The air traffic controllers are in trouble. They need a new system for keeping track of planes in their local airspace, and you have been contacted to design such a system. After taking out gobs of insurance, you agree.
This task has two parts:
Plane class,
based on the description below. You should submit a sufficiently documented file called
plane.h that defines it.
plane.h file, and then linked with your implementation. You will not be
allowed to change the program we provide.
Planes are tracked using a 2D system that keeps (in kilometers) their altitude and their range (note that a real ATC system would require three dimensions, however for the sake of simplicity we will use only two dimensions. Do not try to extend the project for 3D). In this system, then, two planes at the same height and range will collide.
Each instance of your plane class should have information about its current position, and its current velocity, and each plane should have a flag which will be true if the plane is too close to any other planes. In addition, each plane should keep a list of pointers to all the planes it is too close to. Finally, every plane has a unique number (purely an integer) as an id.
The position should be kept as a coordinate, which should be represented as a class (see vector.h):
// 2D cartesian coordinate class
class Coord {
public:
// the class is so simple there's no need to make anything private
float x,y;
float distance(Coord) const; // distance between two points
// constructors
Coord(float,float); // initialize data
Coord(); // sets x,y to 0,0
// I/O - note that these don't need to be friends.
friend ostream& operator<<(ostream& s, const Coord& p);
friend istream& operator>>(istream& i, Coord& p);
};
Velocity vectors have speed and direction components, and should be represented as a class (see vector.h):
// a direction/magnitude vector for airspeed.
class VelocityVector {
private:
float speed; // kps
float direction; // an angle in radians, between 0 and 2pi;,
// where 0 is flying level, from left to right.
public:
// accessor methods
float getSpeed() const; // returns speed in KPH
float getDirection() const; // returns direction in degrees
void setSpeed(float); // input in KPH
void setDirection(float); // input is in degrees
// basic computation - given an initial coordinate,
// return a new coordinate which is the result of
// moving from the initial coordinate along the vector.

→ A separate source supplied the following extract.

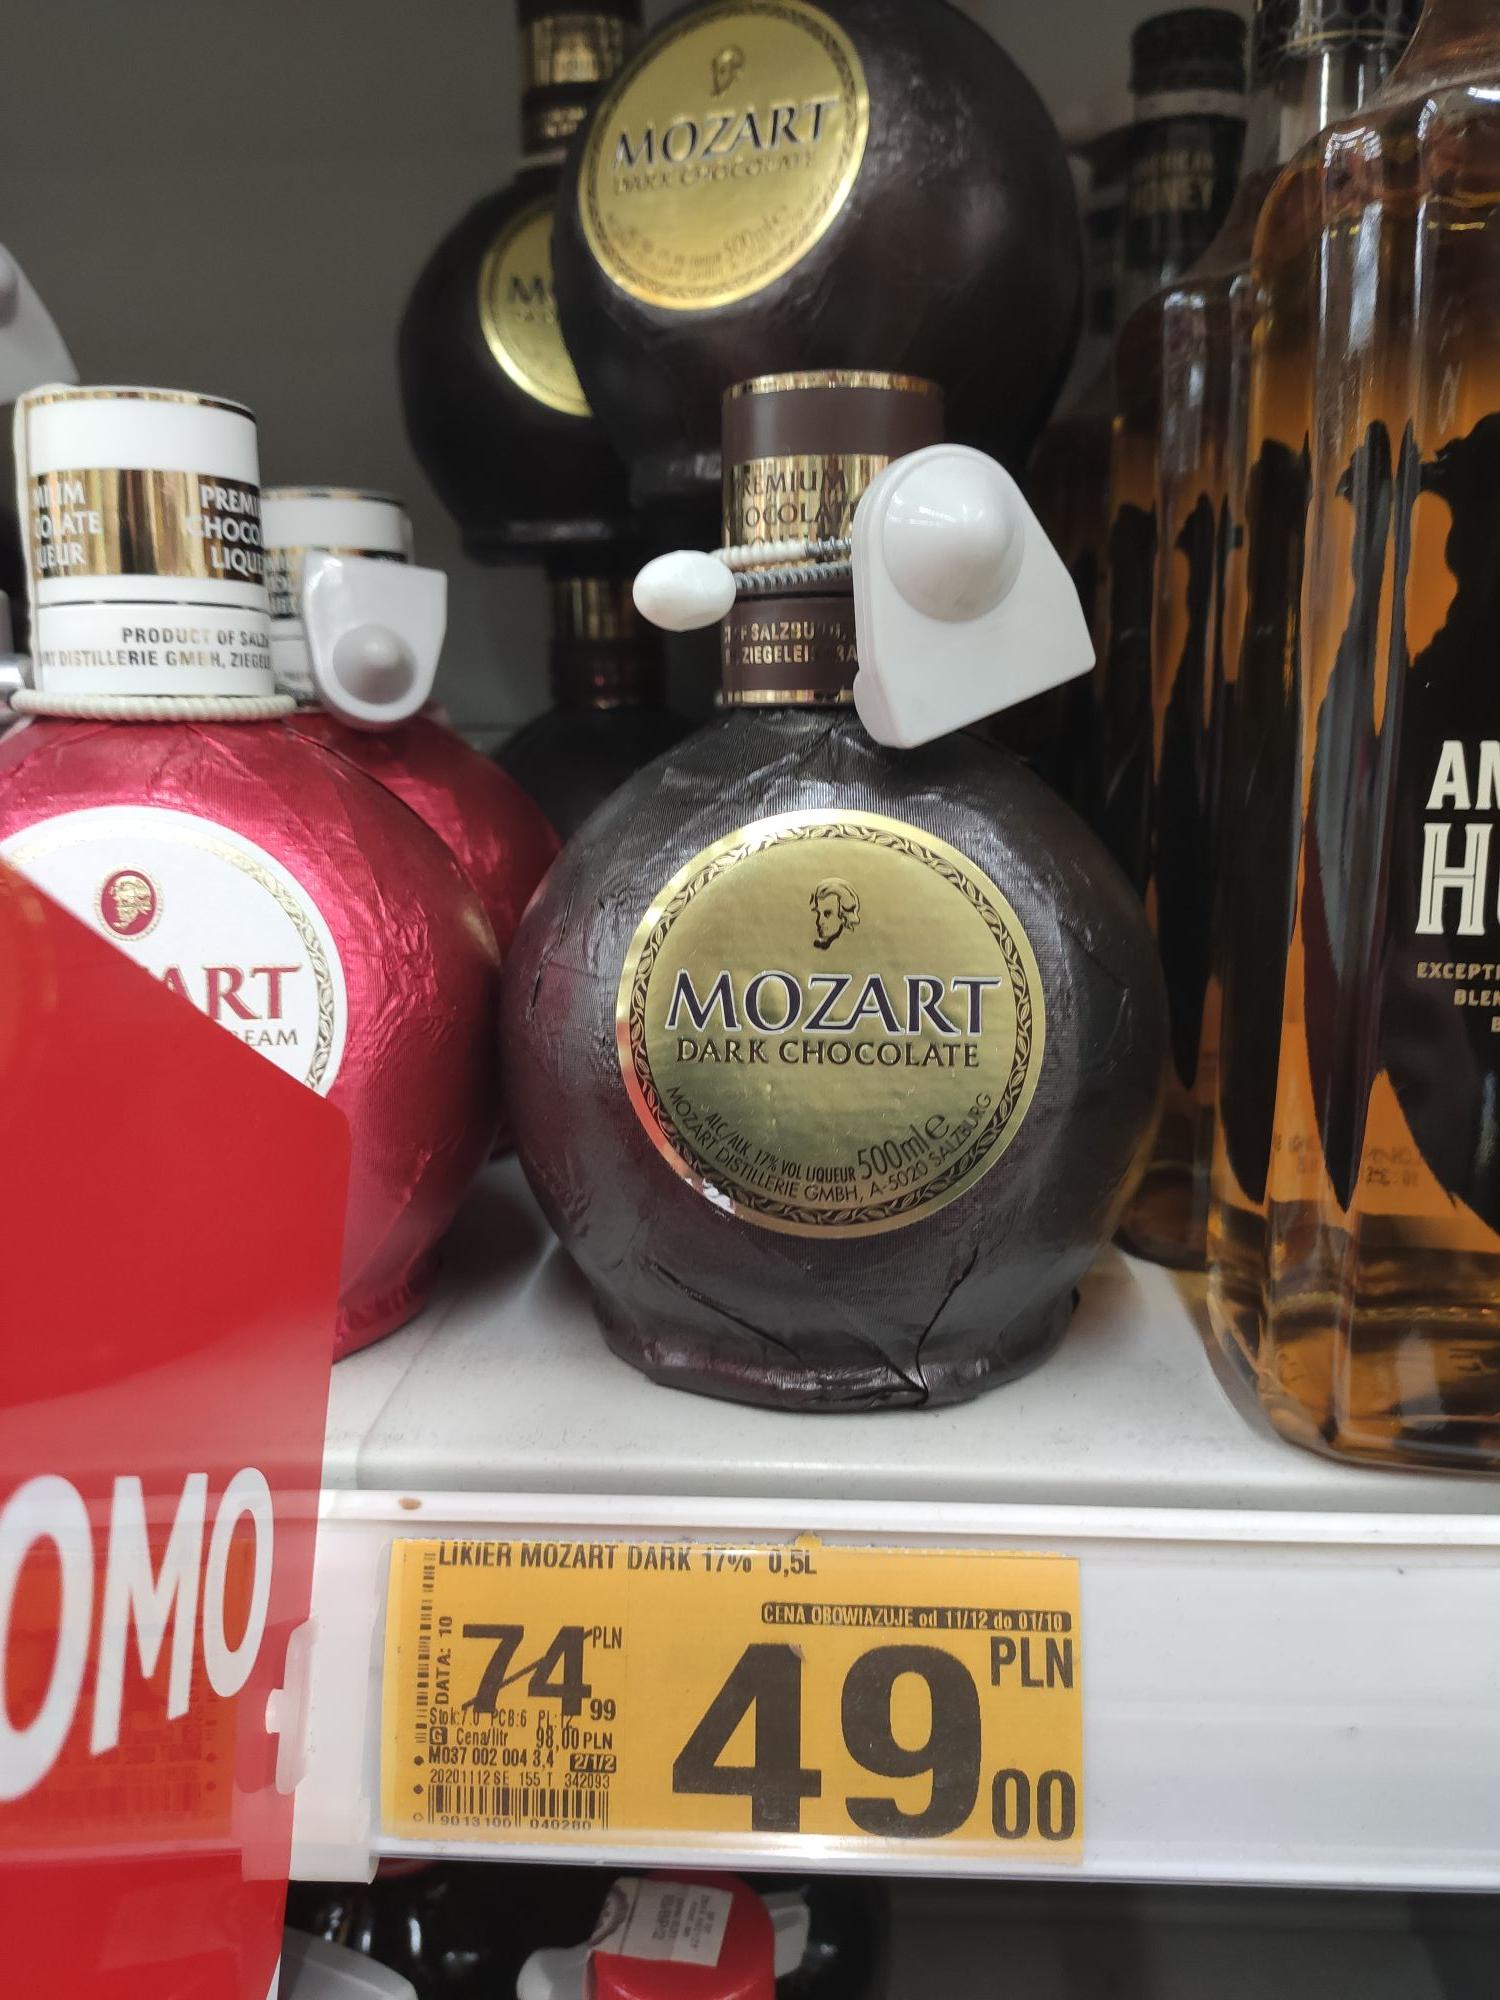 Likier Mozart Dark Chocolate 0.5L

Coord computeTranslation(Coord) const;
// I/O note that these don't need to be friends since
// they use the accessor methods anyway.
friend ostream& operator<<(ostream&,const VelocityVector&);
friend istream& operator>>(istream&,VelocityVector&);
// Constructors
VelocityVector(); // default constructor sets data to 0
VelocityVector(float s, float d); // initializes the data
};
Implementations of these two classes will be provided to you (see vector.h, and vector.o in the directory ~cs102/sim ).
Planes should also have several methods:
checkProximity: should take a list of pointers to planes as
a parameter and should check if any of the planes in that list are "too close". Define
a class constant that will represent what distance is too close. This function should set
the flag for the plane if any other planes are too close, and for each plane that is too
close, should add it to the private list of planes that are too close. Note that one
of the pointers in the input parameter list will probably be a pointer to the plane the
method is invoked on. This function should return nothing.
computeNextPosition: should not change the instance. This should return the
position the plane will be after moving along its current vector. No parameters.
setNextPosition: should set the position of the plane to be the position
after moving along its current vector. No parameters.
getSpeed: should return the speed of the plane's velocity vector in kph.
getDirection: should return the angle of the plane's velocity vector in degrees.
getNumber: should return the id number of the plane.
setSpeed: should set the speed of the plane's vector. Returns nothing, takes
a float that represents the new speed in kph.
setDirection: should set the direction of the plane's vector. Returns nothing,
takes a float that represents the new direction (in degrees).
outOfRange: should return true if the plane is out of range of the current ATC center. Define two class constants to represent this range. This function takes no parameters.